*** Material for the task ***
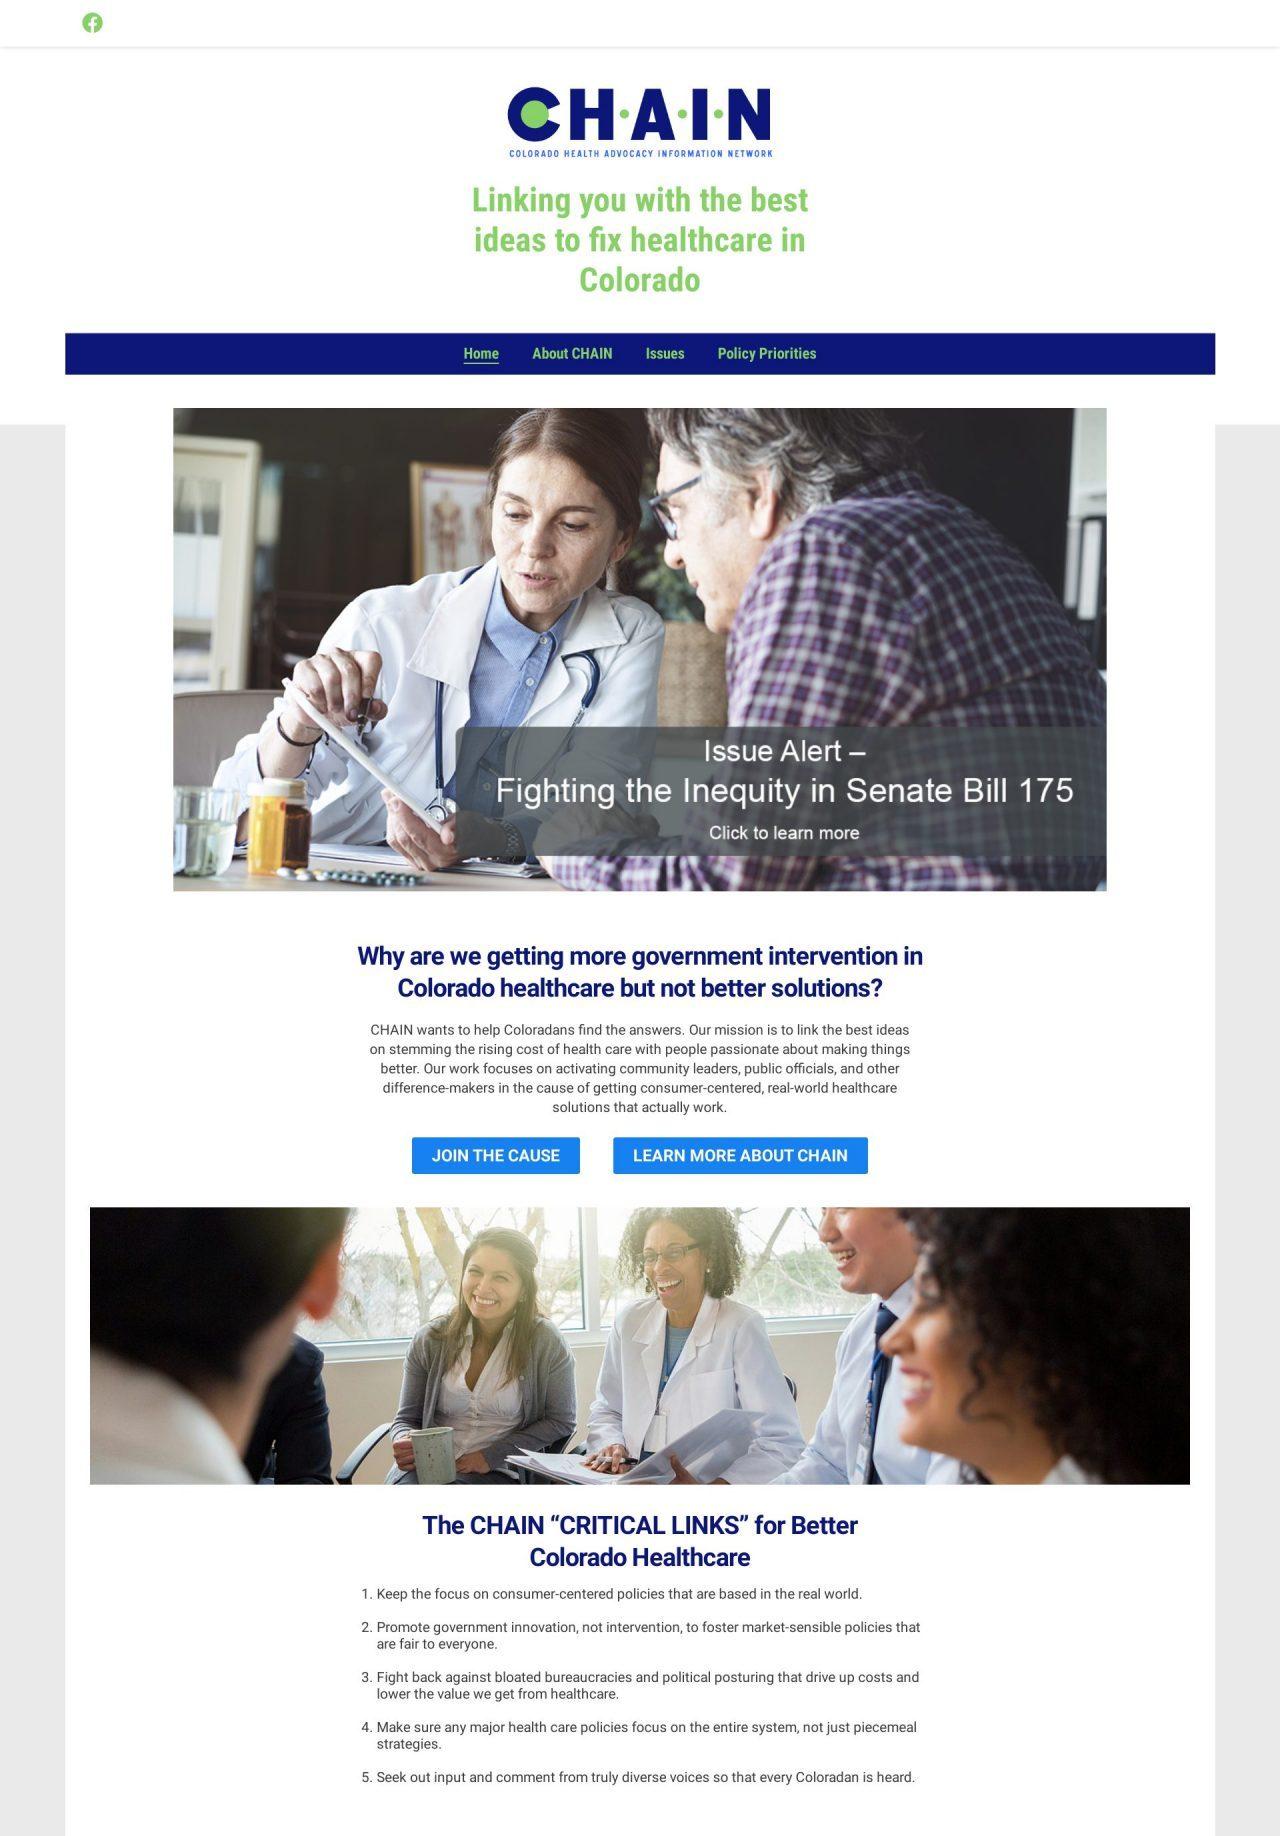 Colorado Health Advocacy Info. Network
***
*** Material for the task ***
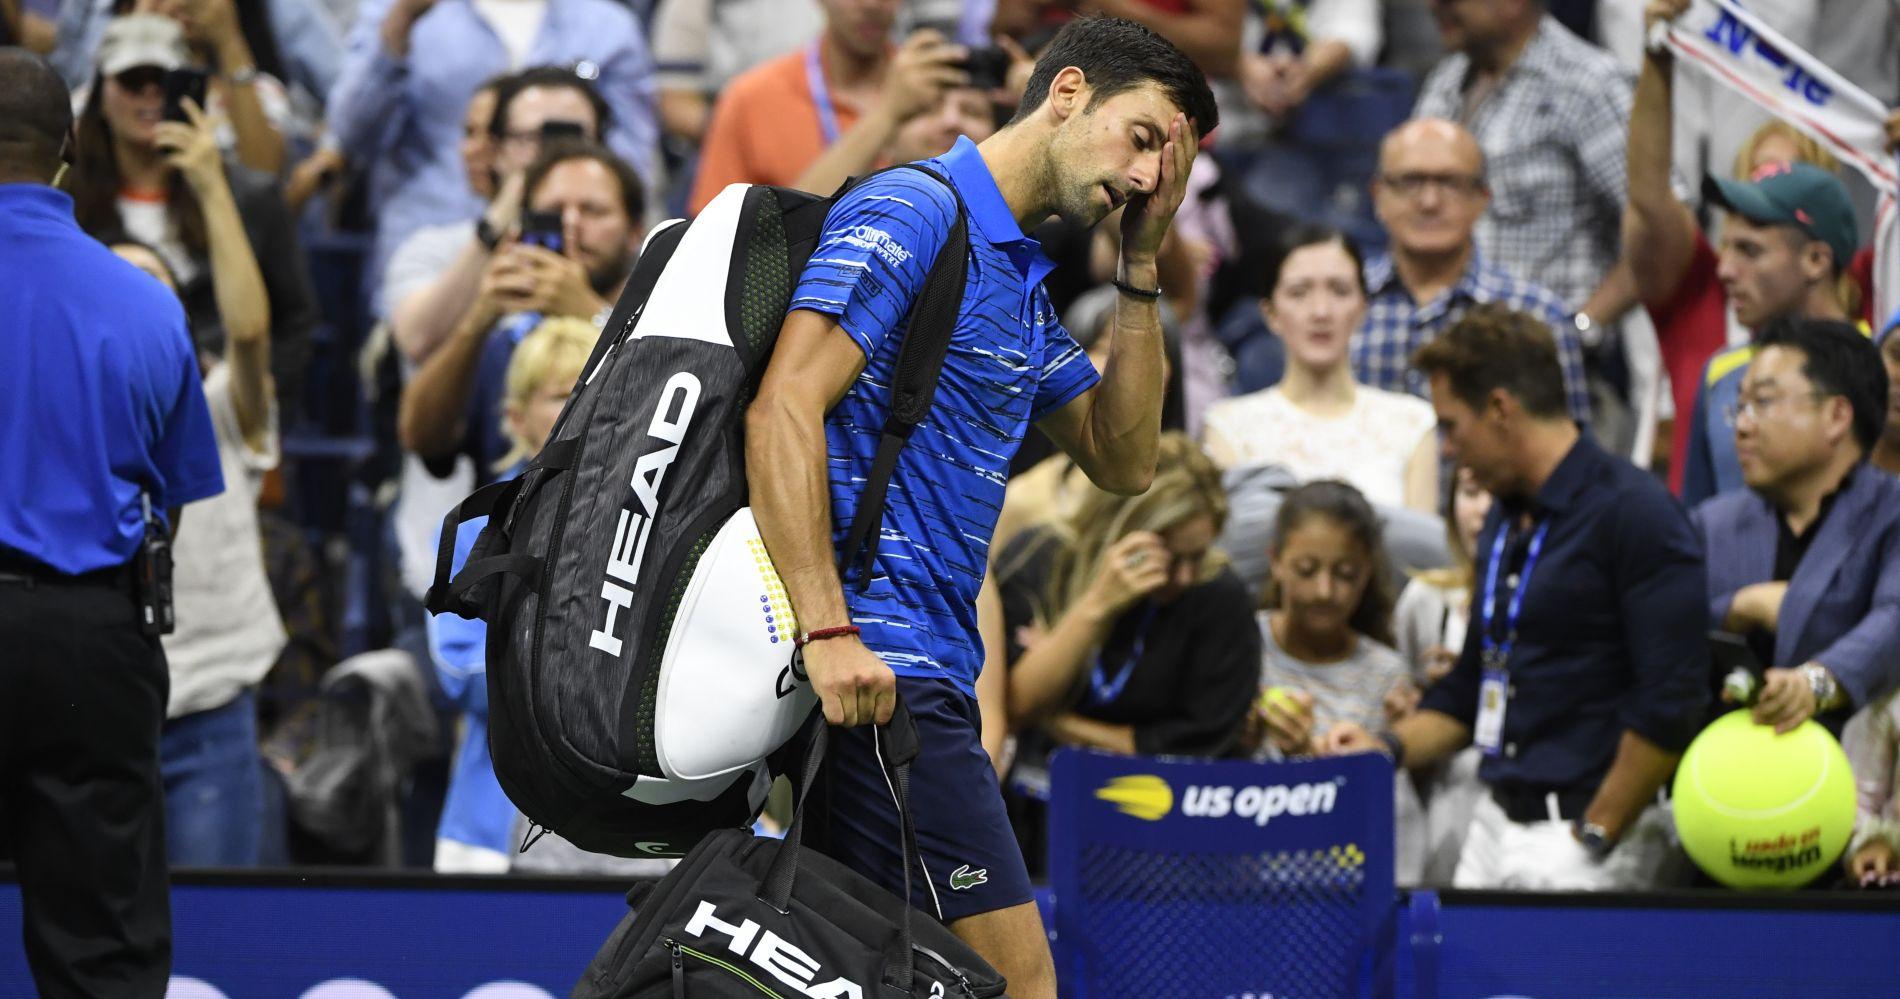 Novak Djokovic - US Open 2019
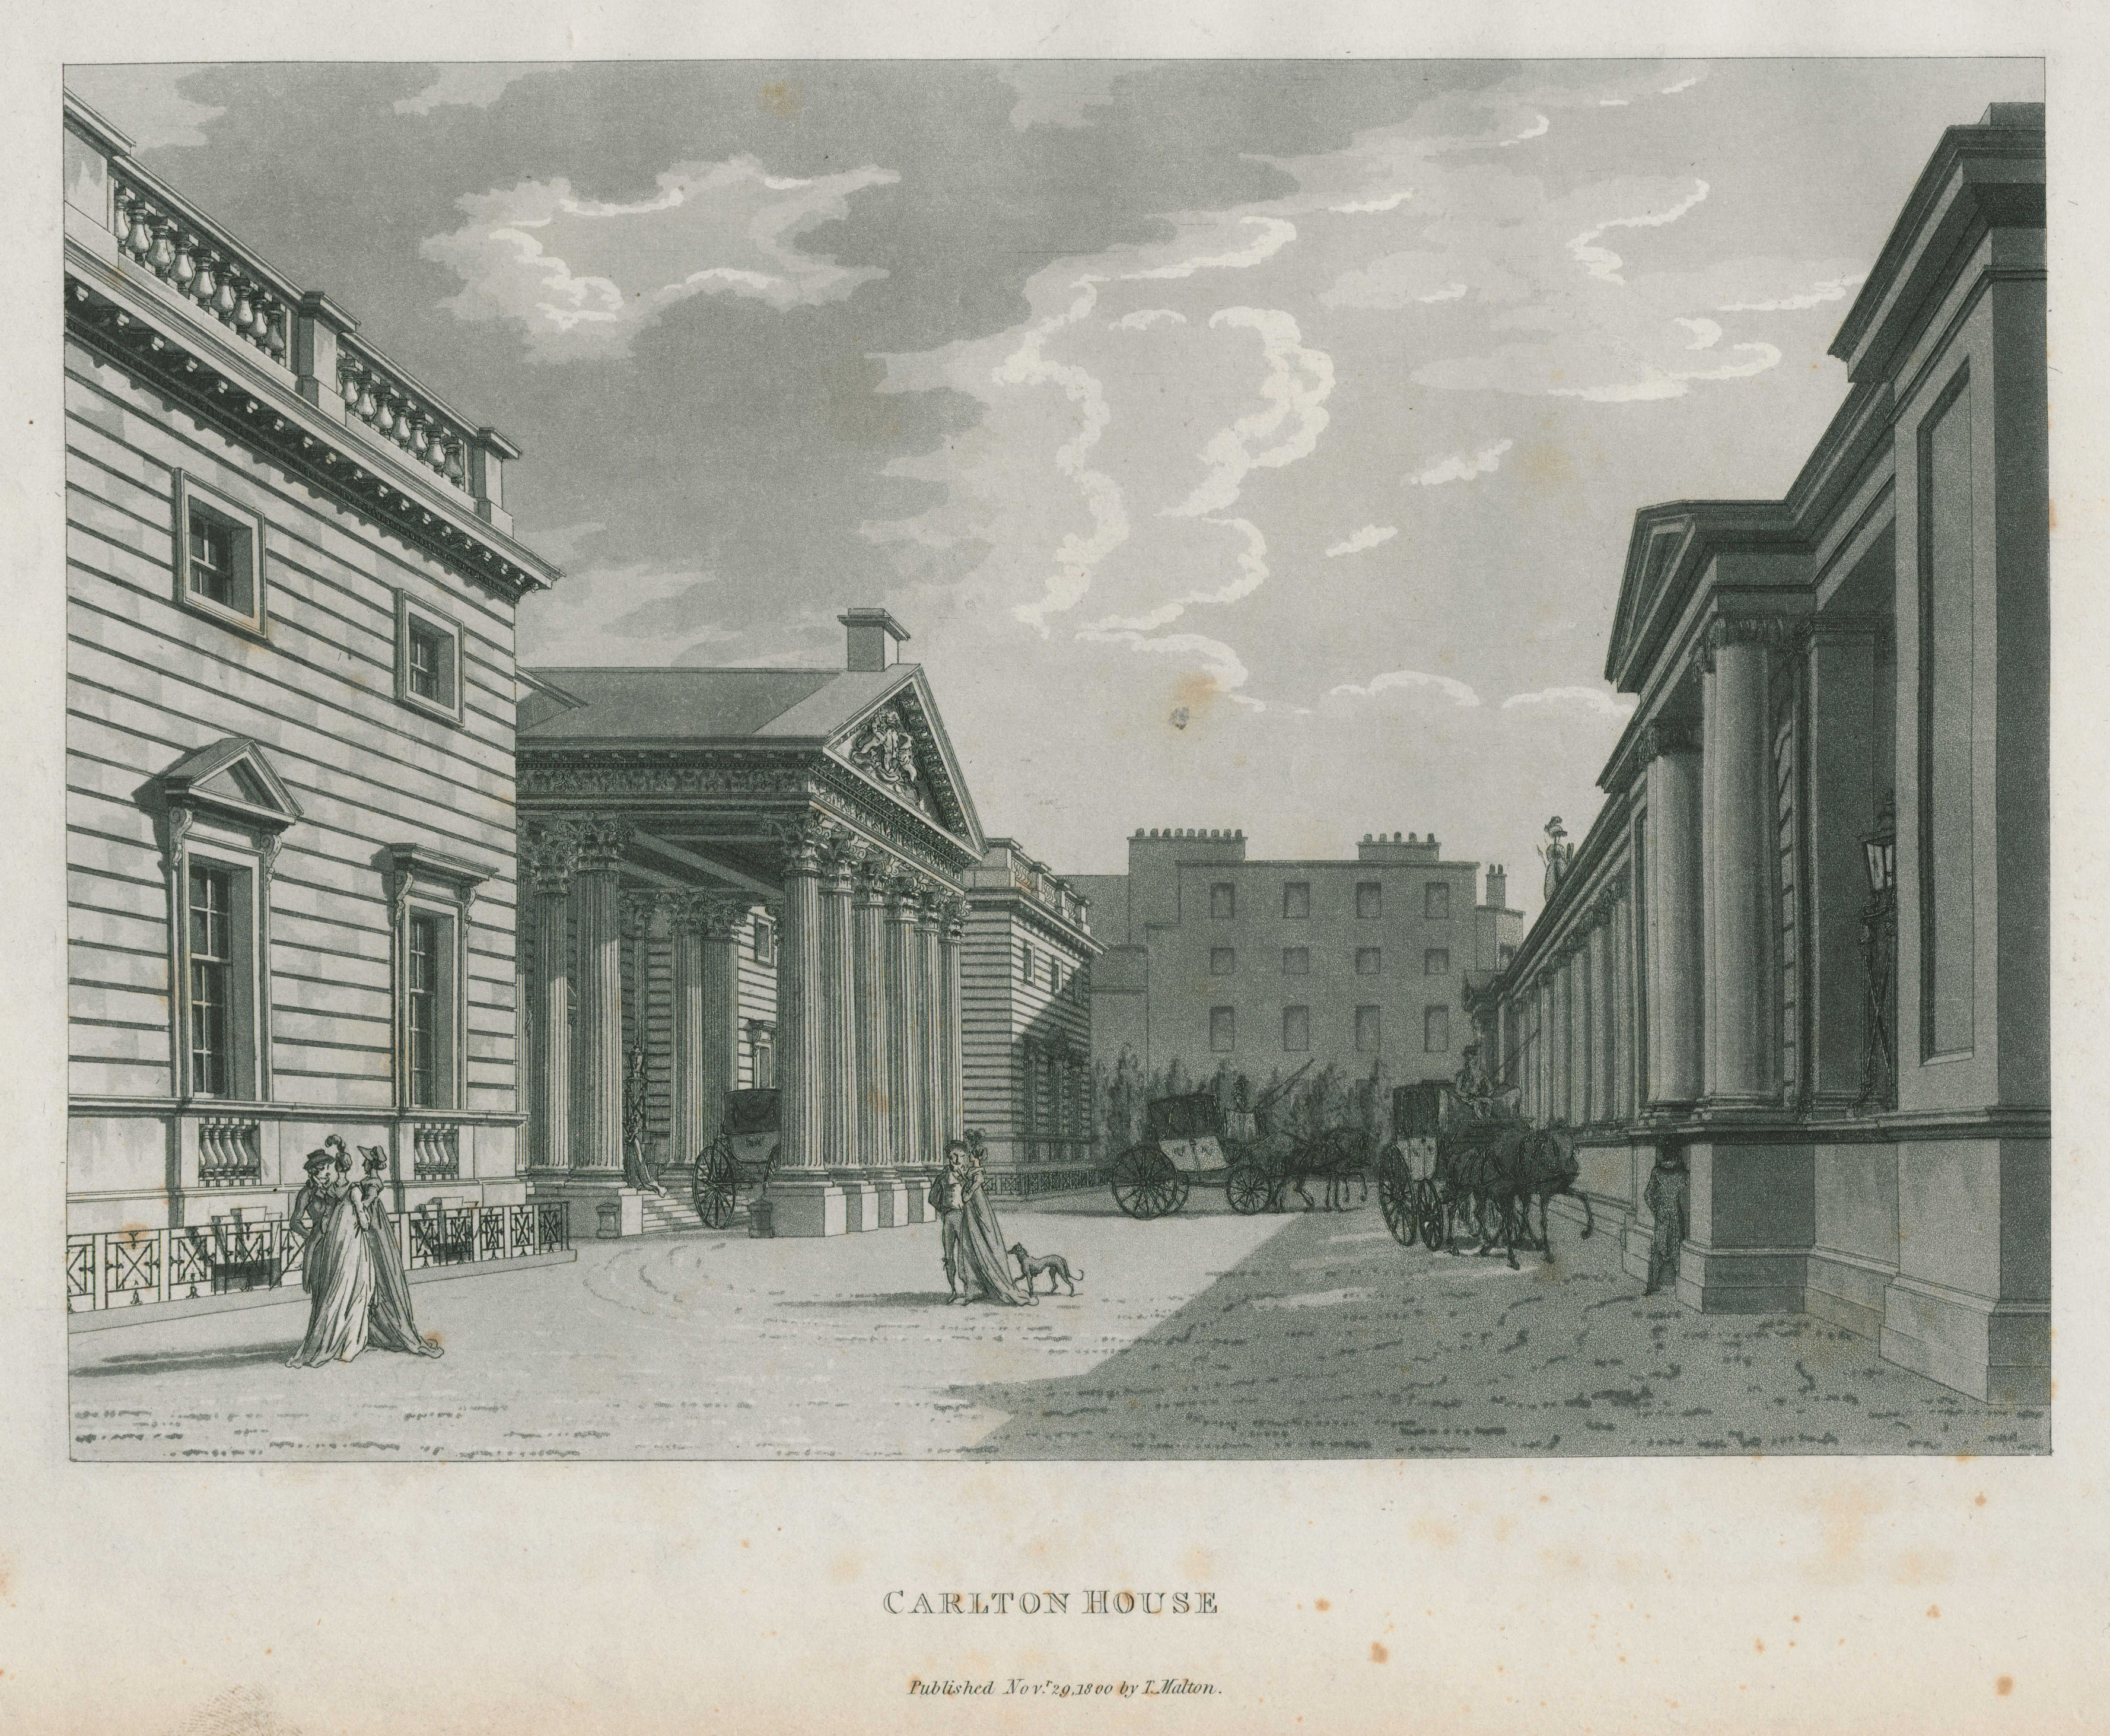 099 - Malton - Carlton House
***
Directions for this task >>
Set down again, word for word, every line from the one with "Novak Djokovic - US Open 2019" to the one with "099 - Malton - Carlton House" in the entries above, and omit the pictures.

Task response >>
 Novak Djokovic - US Open 2019
 099 - Malton - Carlton House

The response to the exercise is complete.